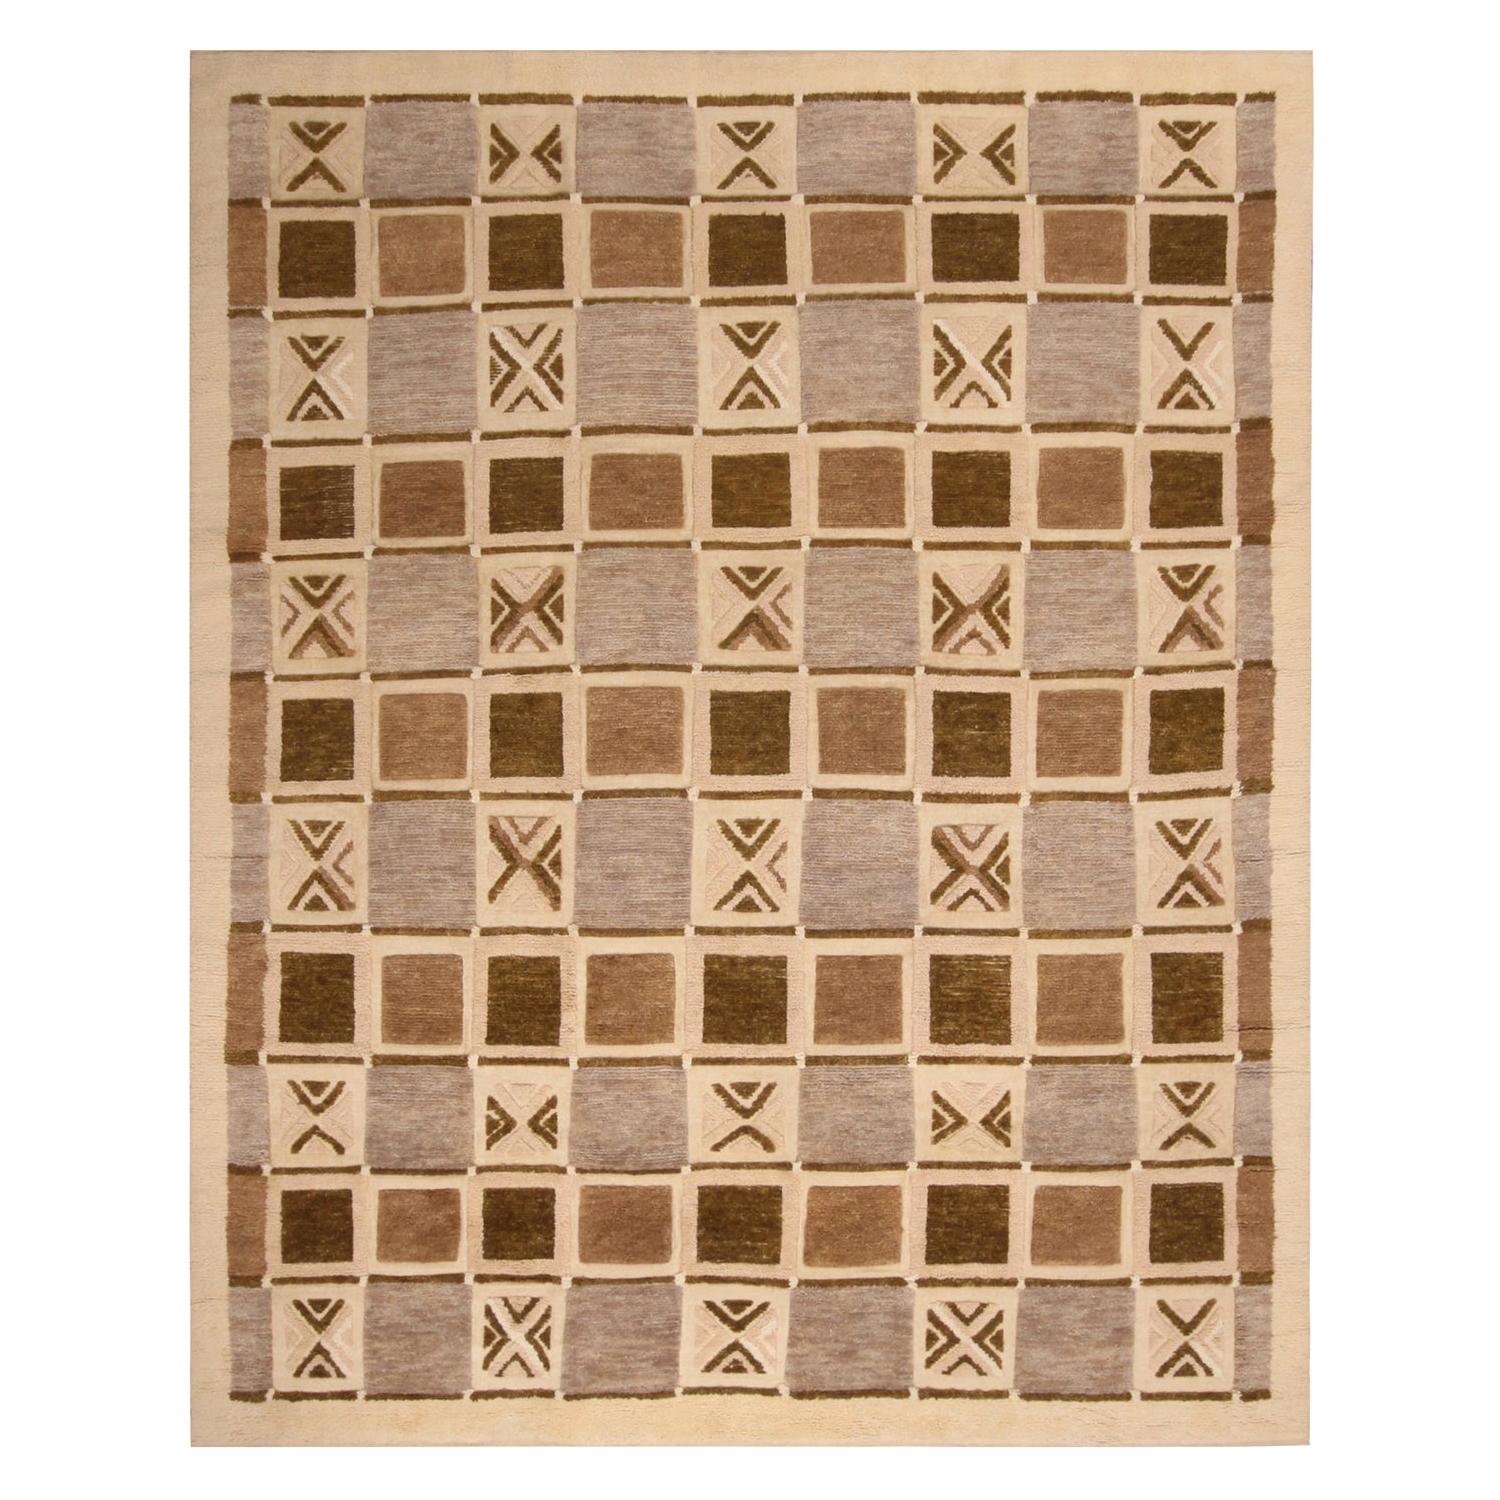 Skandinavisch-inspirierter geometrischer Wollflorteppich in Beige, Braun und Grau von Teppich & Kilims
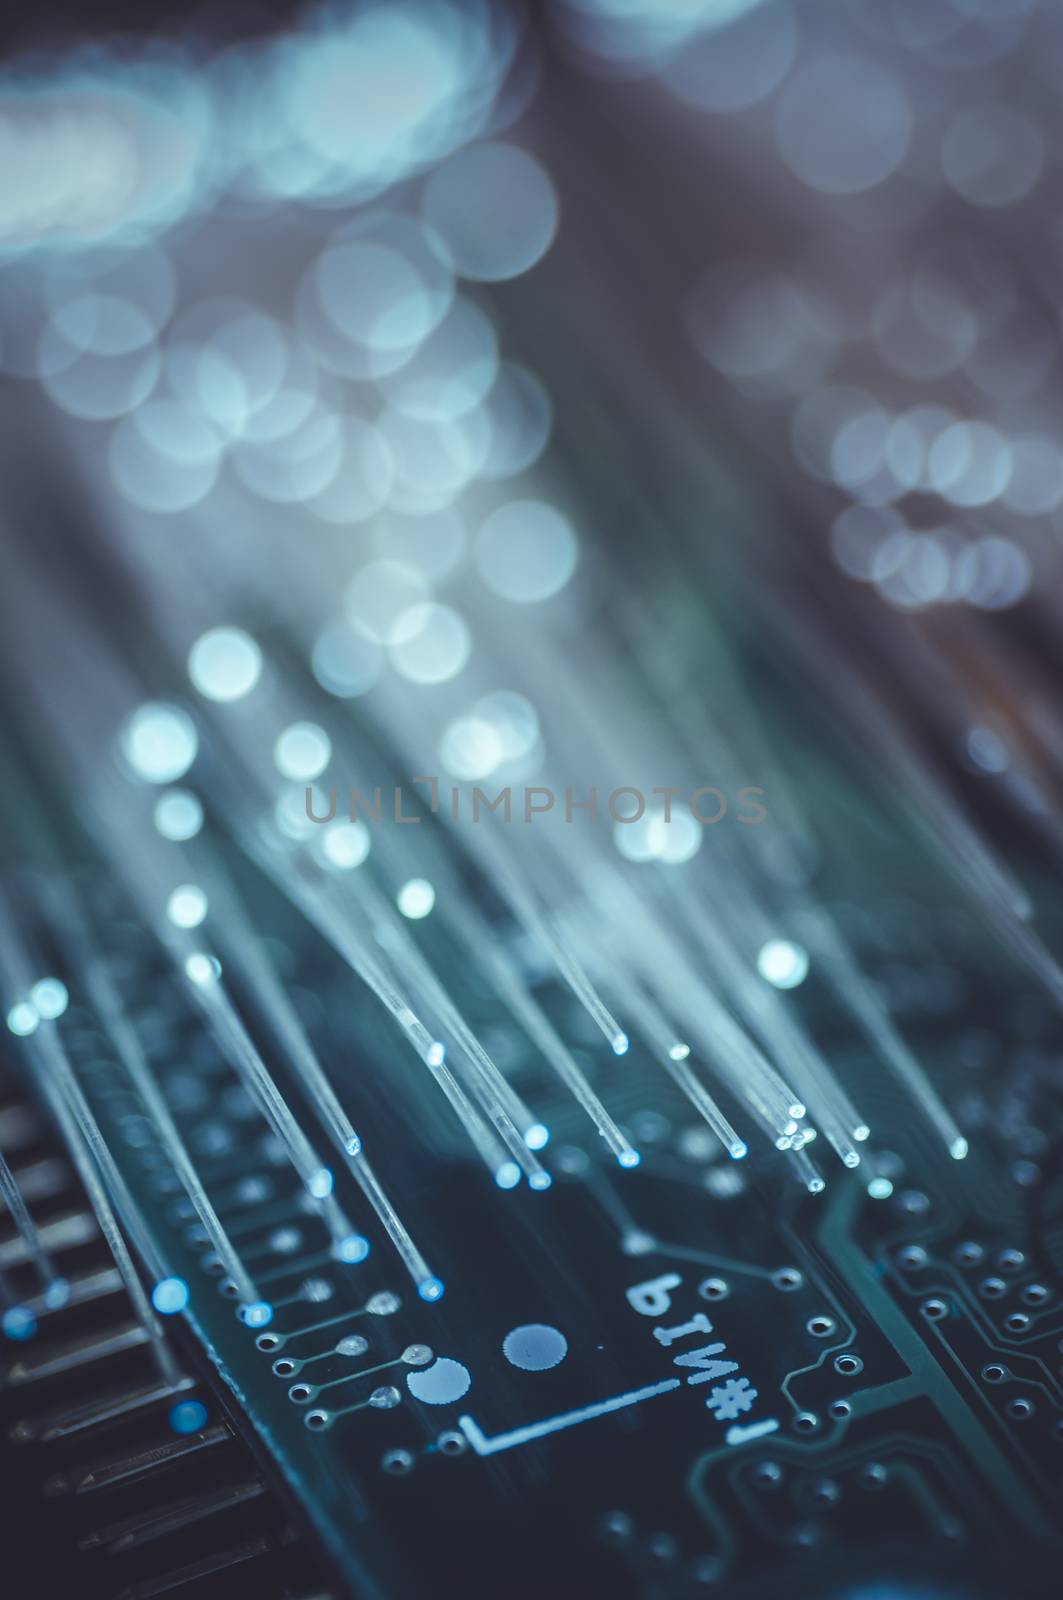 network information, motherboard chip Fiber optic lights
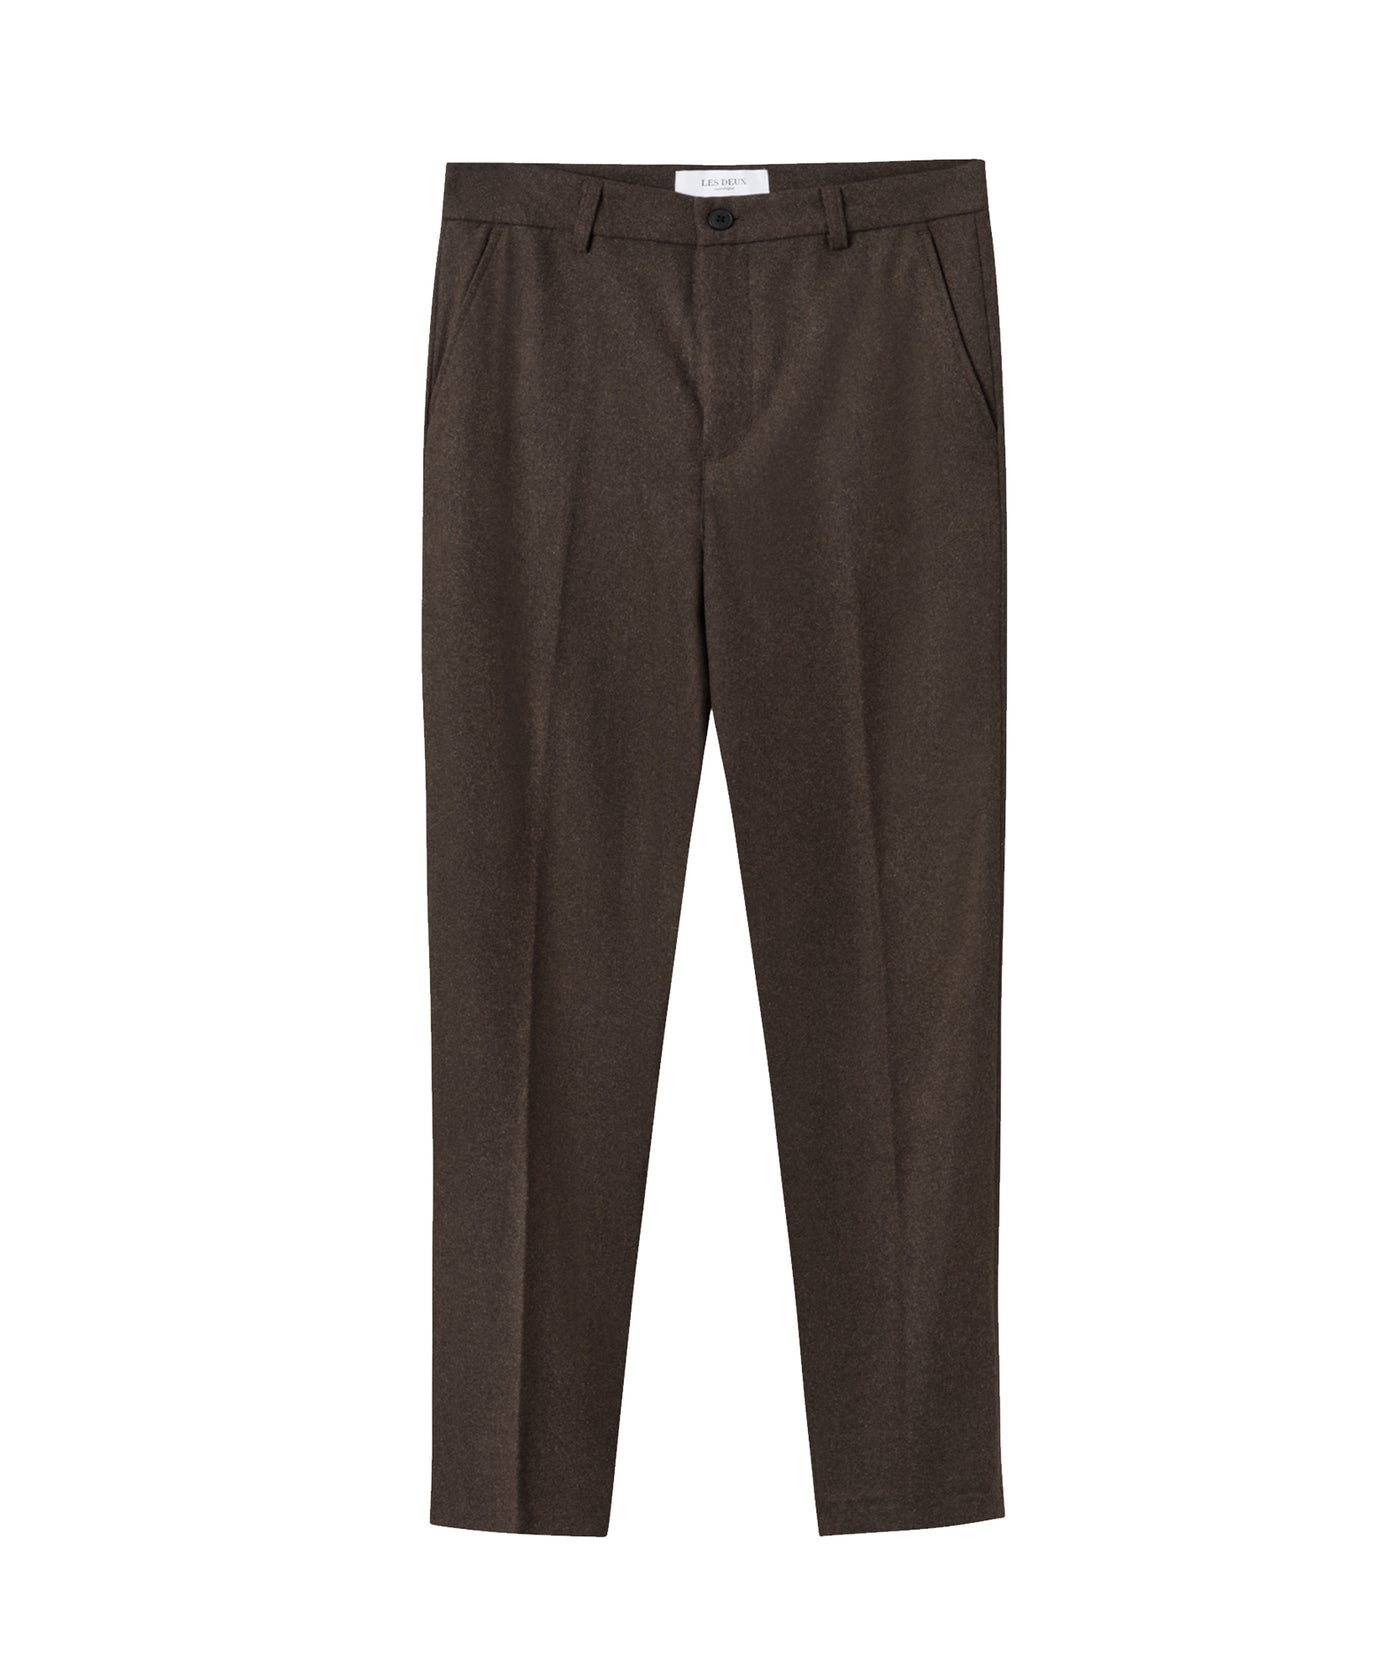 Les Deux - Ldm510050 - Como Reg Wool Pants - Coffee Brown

* **ASSIGNED TASK**: Output the data exactly. Leave every picture out.

* **RESULT OF THE EXERCISE**:
 Skandinavisch-inspirierter geometrischer Wollflorteppich in Beige, Braun und Grau von Teppich & Kilims
 network information, motherboard chip Fiber optic lights
 Les Deux - Ldm510050 - Como Reg Wool Pants - Coffee Brown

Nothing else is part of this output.